Все они воображали о себе черт-те что, возможно, житье на водах залива способствовало усилению их самомнения. Герой считал свою деятельность на этом поприще от имени бурбонских монархов очередной ступенькой славы, к тому же он по-прежнему парил на крыльях любви. Как-то ночью, вместе с героем в его каюте, жена Кавалера взяла с полочки подле постели наглазную повязку и примерила на свой правый глаз. Такая выходка шокировала его, и он настоятельно попросил немедленно положить повязку на место.

— Нет уж, позволь мне поносить ее немного, — запротестовала Кавалерша. — Мне очень хочется побыть одноглазой, чтобы походить на тебя.

— Да ты и без того — это я, — ответил он, как всегда говорят и чувствуют настоящие любовники.

Но она считала себя не только его вторым «я». Иногда, когда они оставались одни, Эмма перевоплощалась и в других людей. Она умела ходить вразвалочку, как король, передразнивать его, с жадностью набрасывалась на пищу или распевала, подражая его речетативу, фривольные неаполитанские песенки (которые очень нравились герою, хотя он не понимал по-неаполитански ни слова). Могла передразнивать хитрого и коварного Руффо, прикрывая, как он, глаза и произнося слова с аристократическим прононсом. («Ага!
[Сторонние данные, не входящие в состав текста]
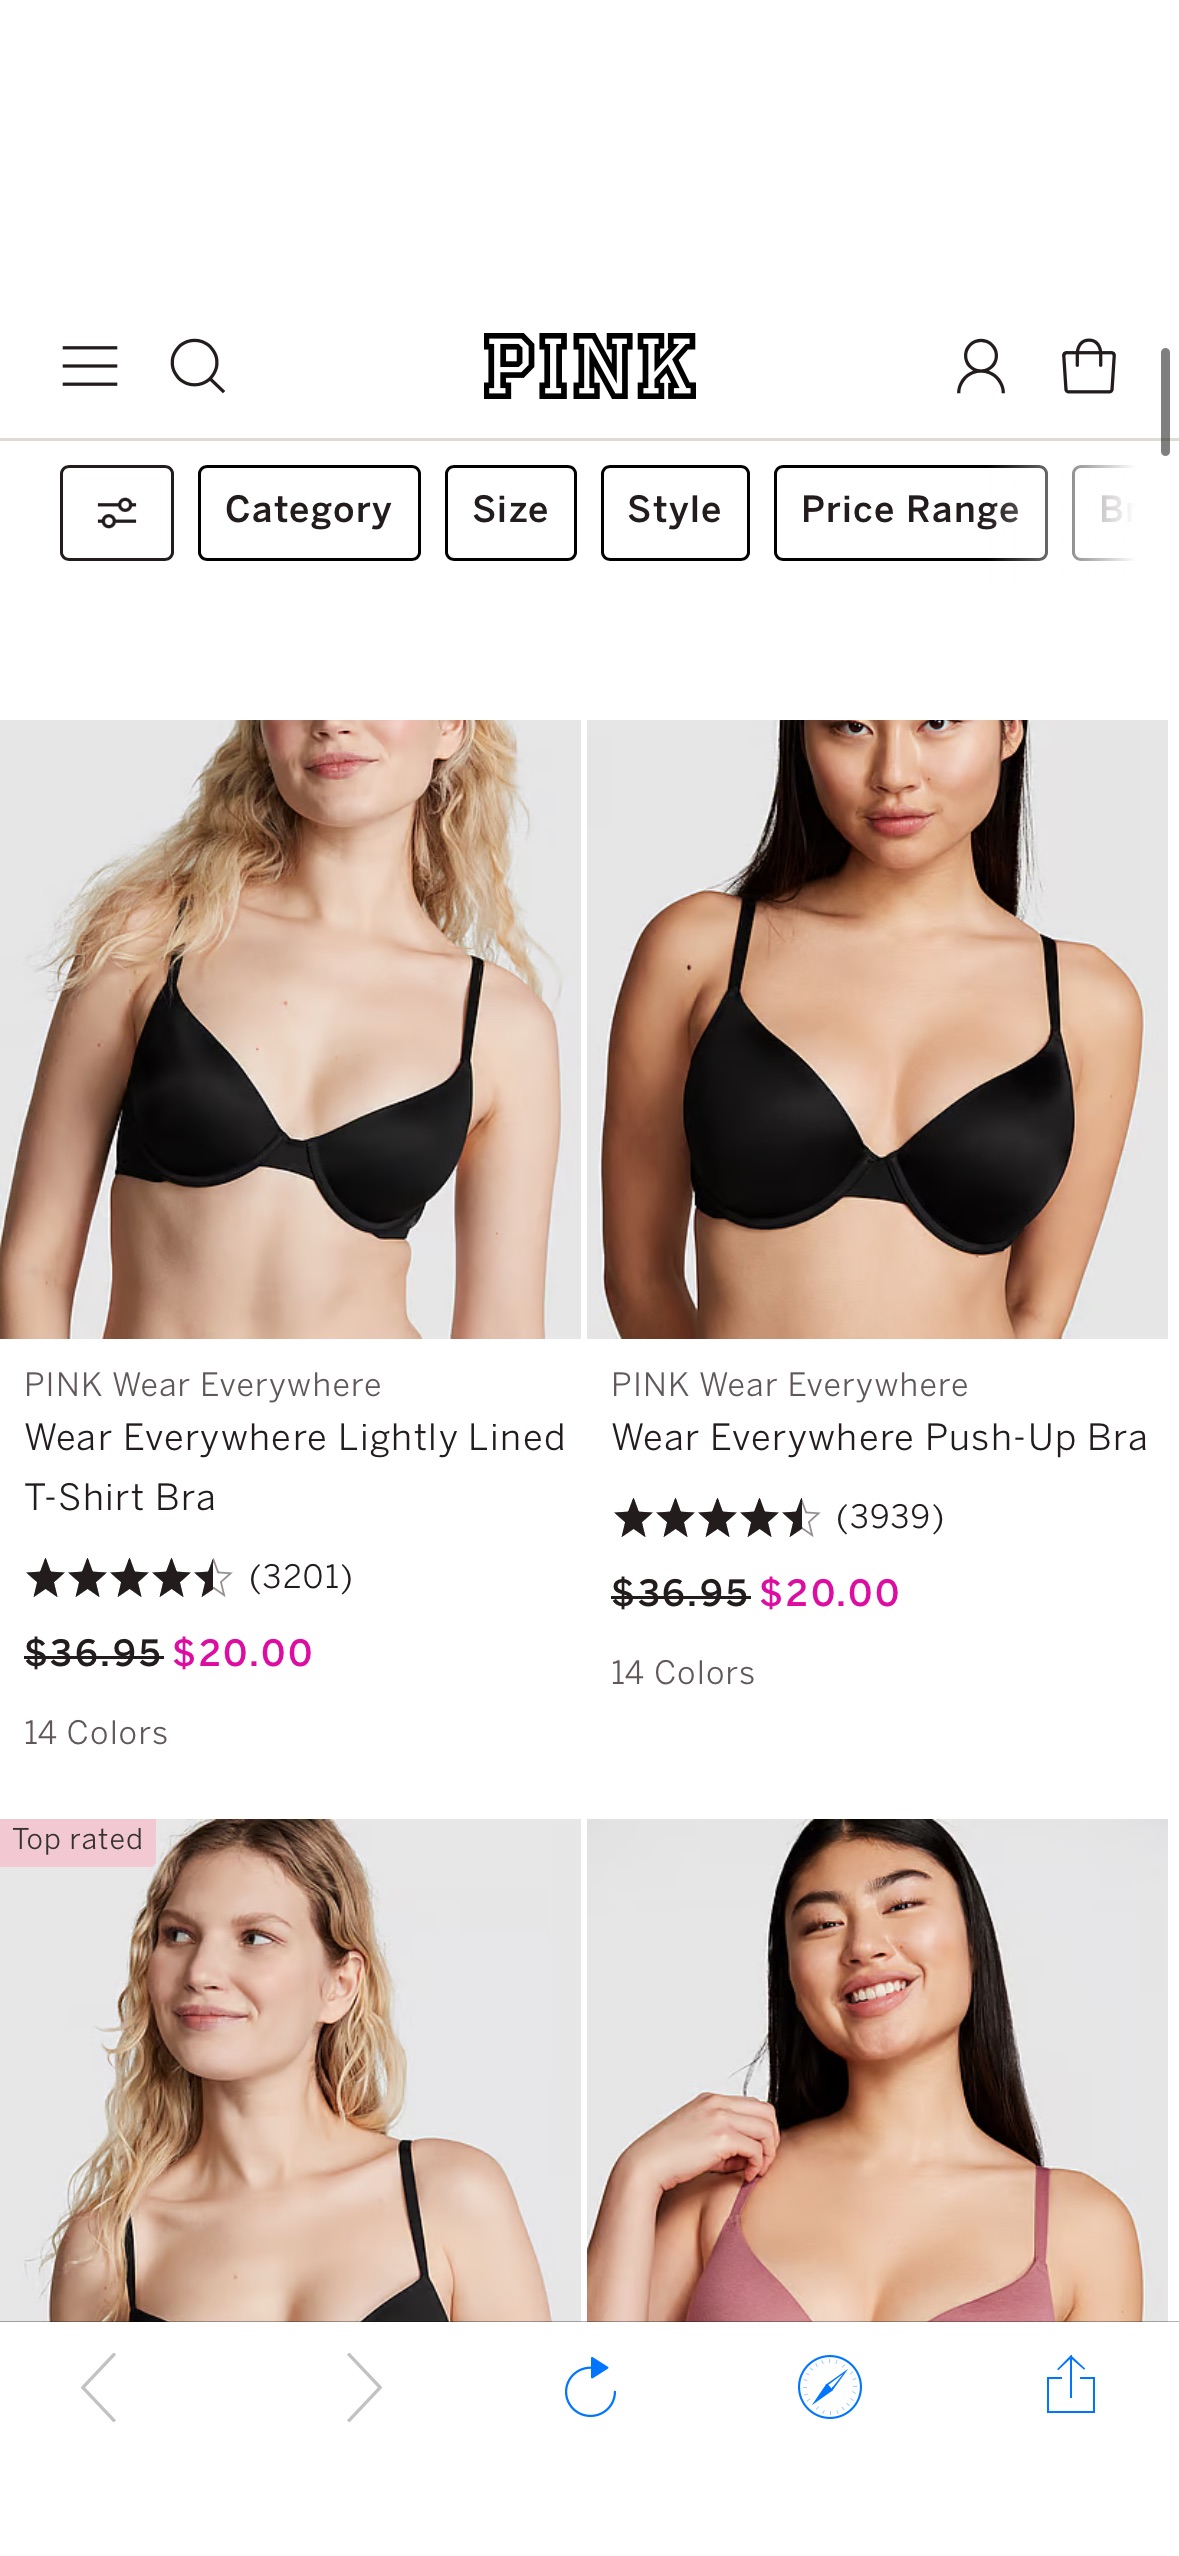 Victoria’s Secret PINK Wear Everywhere Bras Only $20

Вот-вот! Здорово похоже!» — восклицал герой.) Мастерски представляла она суровых и мужественных английских офицеров, вроде преданного и честного капитана Харди и честолюбивого Трубиджа. Кавалерша умела менять выражение лица, обличье, голос и подражать грубым выкрикам и покачивающейся матросской походке морских волков адмирала. Как же он хохотал, видя эти сценки. Внезапно она останавливалась, и герой понимал, что теперь Эмма будет изображать Кавалера, великолепно передавая его чопорную, осторожную походку, его смущенный и в то же время недоверчивый голос, когда он расписывает красоты какой-нибудь вазы или картины, изредка повышая тон, будто не в силах сдержать свое восхищение, и тут же умолкая, спохватившись. Герой встревожился, не жестоко ли для любимой женщины вышучивать человека, которого он все же уважает и почитает, как отца родного. И это он, каждый день подписывающий десятки смертных приговоров, встревожился, боясь оказаться жестоким по отношению к тому, кто всячески поддерживал его. Но, прислушавшись к собственной совести, герой решал, что ей не зазорно передразнивать Кавалера и невинно подшучивать над его походкой и манерой говорить. Нет, они с Эммой все-таки не жестоки, ну совсем даже ни чуточки не жестоки.

Многие важные и срочные дела не давали возможности герою и супруге Кавалера часто оставаться наедине. Большую часть времени герой проводил в своей громадной каюте и совещался с капитанами боевых кораблей его эскадры. Если же приходилось вести переговоры с неаполитанскими офицерами, то рядом с ним сидела Эмма и переводила. «Моя доверенная переводчица на все случаи жизни», — прилюдно называл он ее. И все же нет-нет да и выпадали счастливые минутки, когда любовники оставались одни, даже в той же каюте, и тогда целовались, счастливо улыбаясь друг другу и тяжело вздыхая.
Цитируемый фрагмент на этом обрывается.